Adaptive normal vector guided evolutionary multi- and many-objective optimization

Most existing multi-objective evolutionary algorithms relying on fixed reference vectors originating from an ideal or a nadir point may fail to perform well on multi- and many-objective optimization problems with various convexity or shapes of Pareto fronts. A possible reason could be the inaccurate measurement of the diversity of solutions or the failure of the fixed reference vectors in guiding the rapidly changing population. To meet this challenge, this work develops an adaptive normal reference vector-based decomposition strategy for guiding the search process, which is able to handle various convexity and shapes of Pareto fronts. Specifically, the normal vector passing through the center of each cluster in a constructed hyperplane is adopted as the reference vector for guiding the search process. Then, a selection strategy is put forward based on the positions of solutions in the current population and the normal vectors for the environmental selection.
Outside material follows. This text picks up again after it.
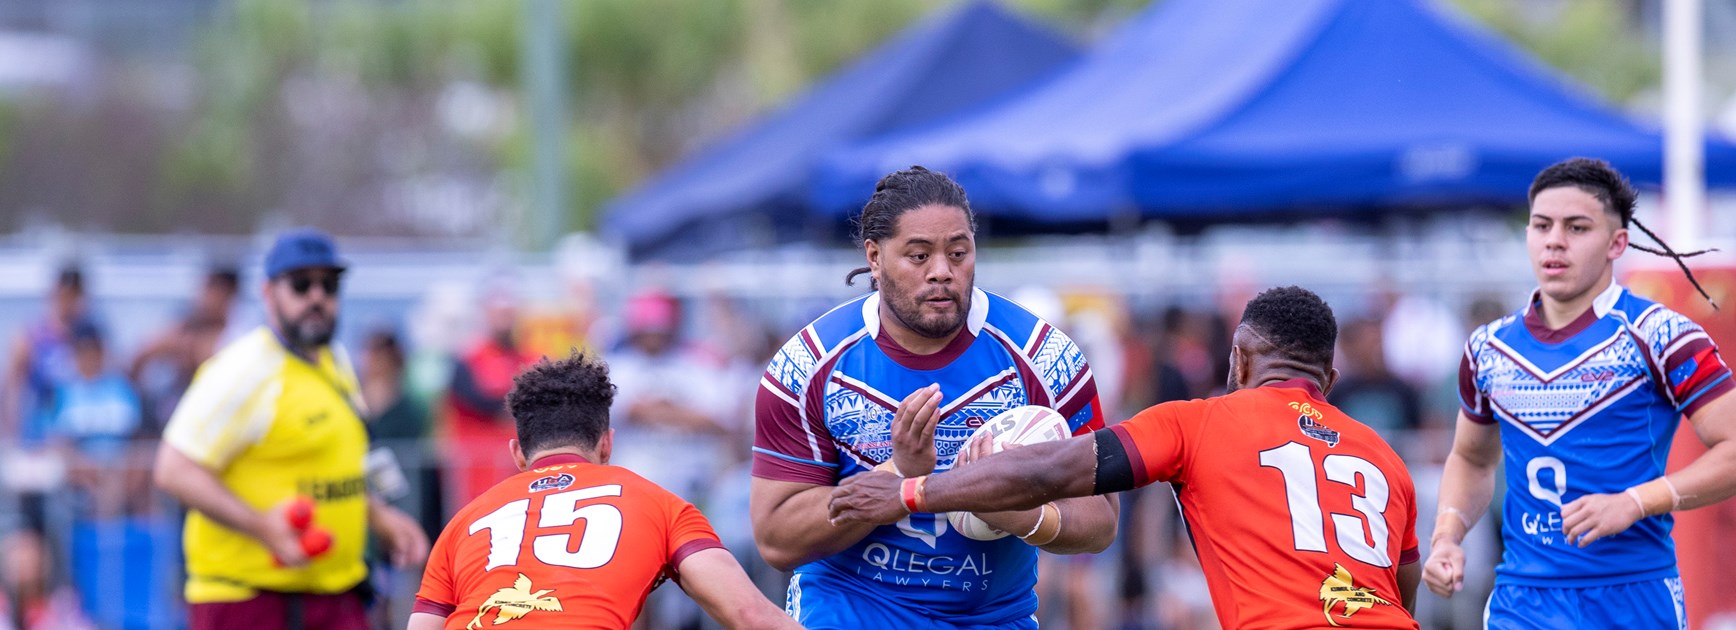 Samoa dominated the Queensland Pacific Islander Cultural Carnival, winning five of the seven finals

Based on the adaptive normal vectors, the proposed algorithm can not only rapidly adapt to the changing population but also alleviate the influence of the convexity of Pareto fronts on the measurement of diversity. Experimental results show that the proposed algorithm performs consistently well on various types of multi-/many-objective problems having regular or irregular Pareto fronts. In addition, the proposed algorithm is shown to perform well in the optimization of the polyester fiber esterification process.